С тех пор в нашем обществе многое изменилось: мы научились хотя бы иногда слышать друг друга и обсуждать общие проблемы с разных позиций. Получается плохо, и не всегда получается вообще, но тупое противостояние по модели «коммунисты – демократы», «либералы – патриоты» и т.д. постепенно отходит в прошлое, хоть и с арьергардными боями. Думаю, что в этом взрослении сыграла немалую роль публицистика: она учила людей вдумчиво спорить.
Но есть для нее белые пятна, и одно из них – церковная жизнь.

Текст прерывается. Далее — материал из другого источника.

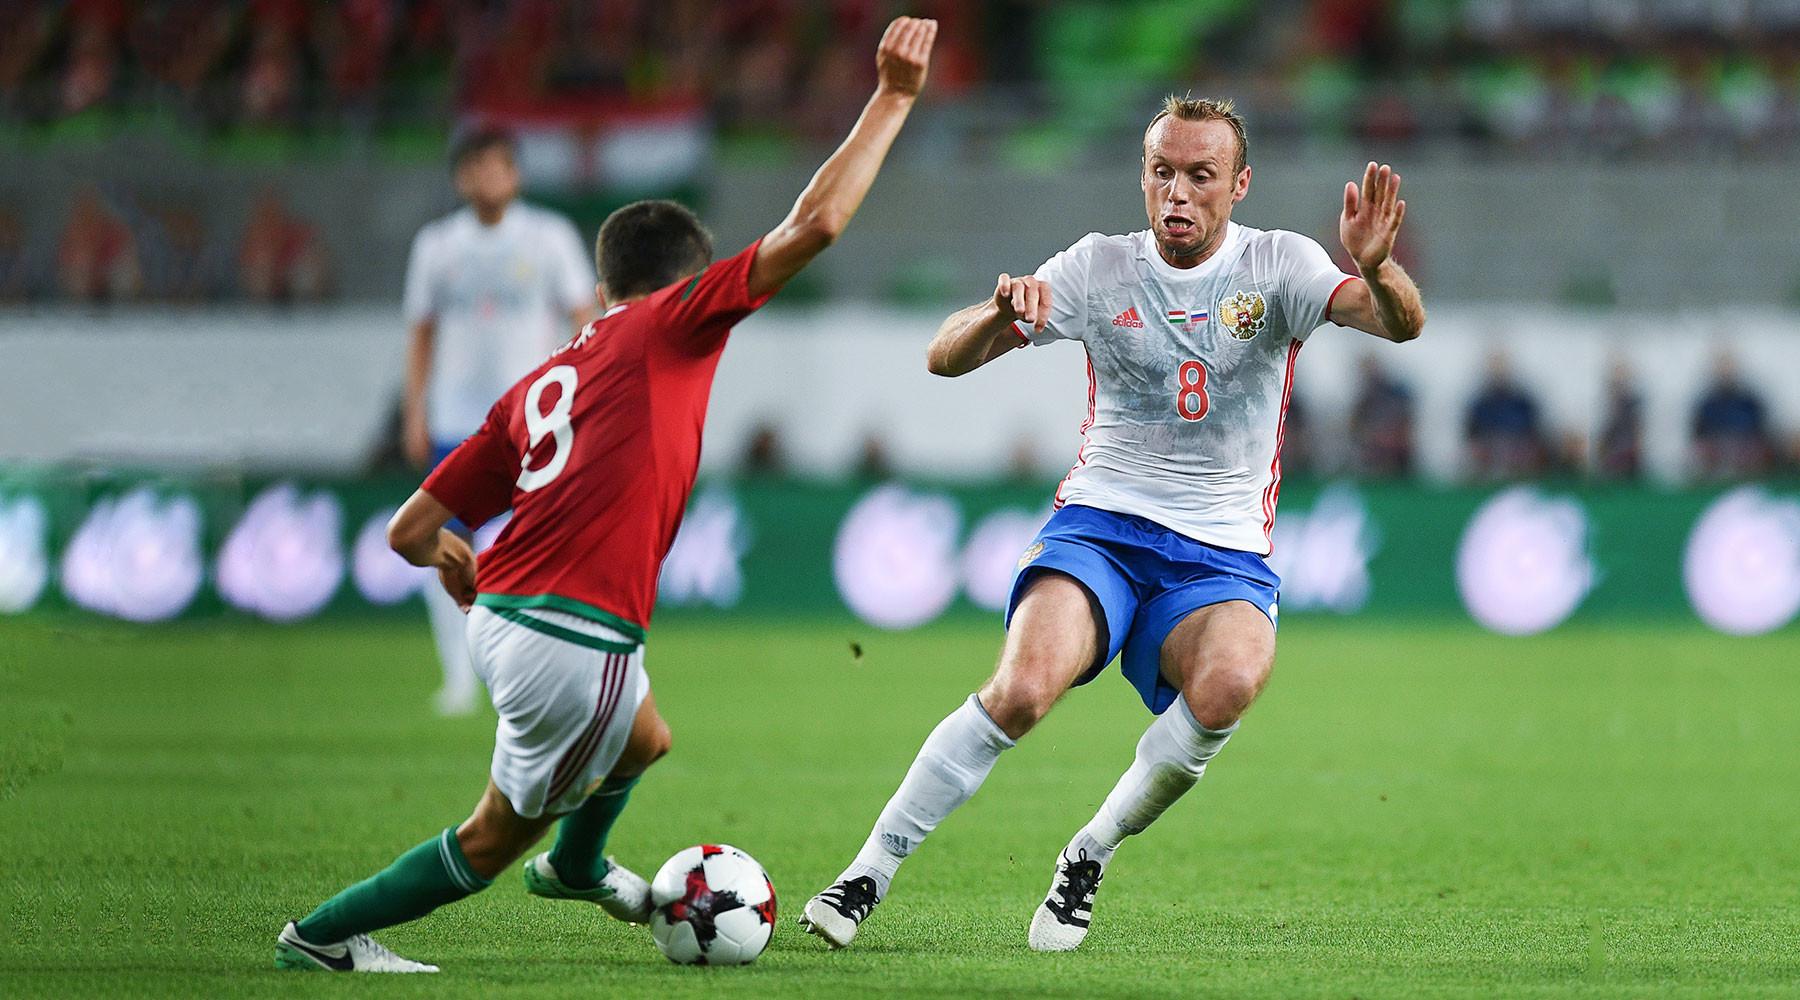 Россия дважды забила Венгрии в товарищеском матче и потеряла Зобнина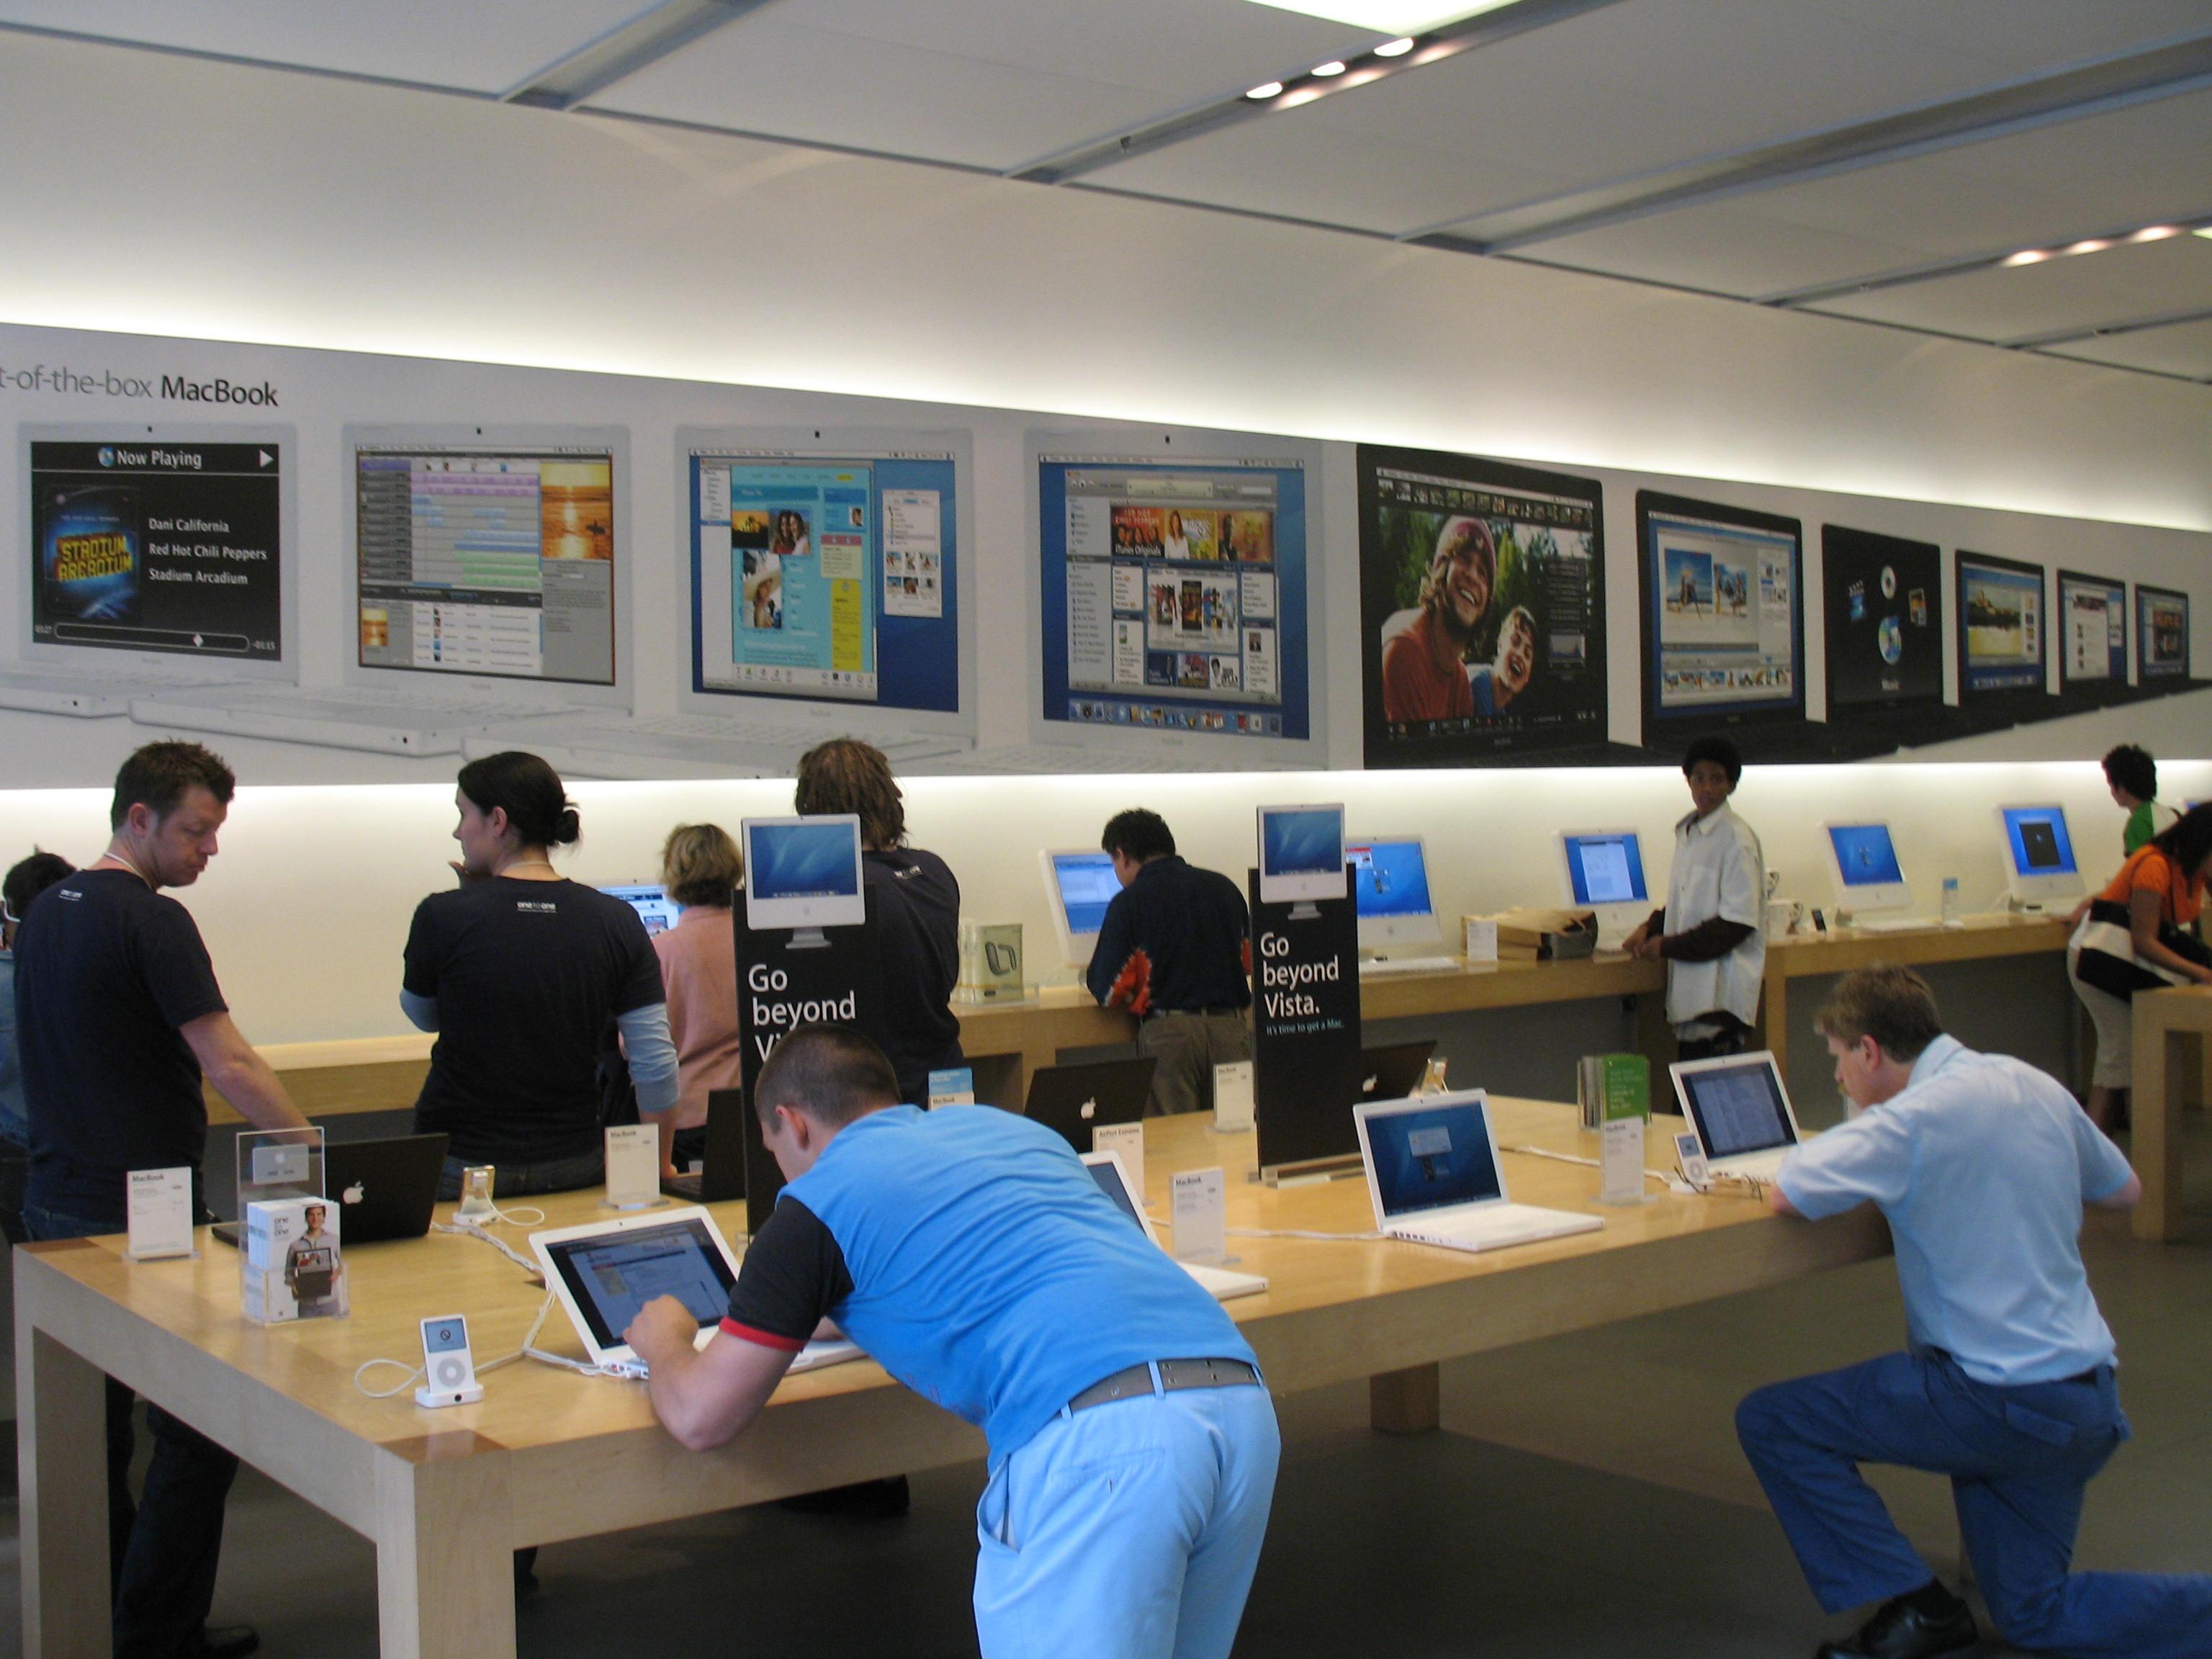 دادن یک تجربه حسی واقعی در فروشگاههای اپل شما را اسیر خود میکند. چه کسی است که بتواند در مقابل بازی angry bird روی صفحه باز موبایل روی میز مقاومت کند؟ به این ترتیب شما حتی قبل از خرید مشتری میشوید!

О ней в подавляющем большинстве случаев говорится либо с позиций пропаганды (всё у нас хорошо, а на происки врагов дадим принципиальный ответ), либо с позиций прямо противоположных: ужас-ужас, кошмар-кошмар в этой вашей патриархии.
А самая лучшая часть околоцерковной публицистики – это споры именно что о литературе, иконописи, архитектуре и прочих свободных искусствах. Ну, в крайнем случае, о богословских терминах и формулировках какого-нибудь документа Межсоборного присутствия. Потому что спорить о словесном творчестве писателей или членов присутствия можно, а вот об остальном…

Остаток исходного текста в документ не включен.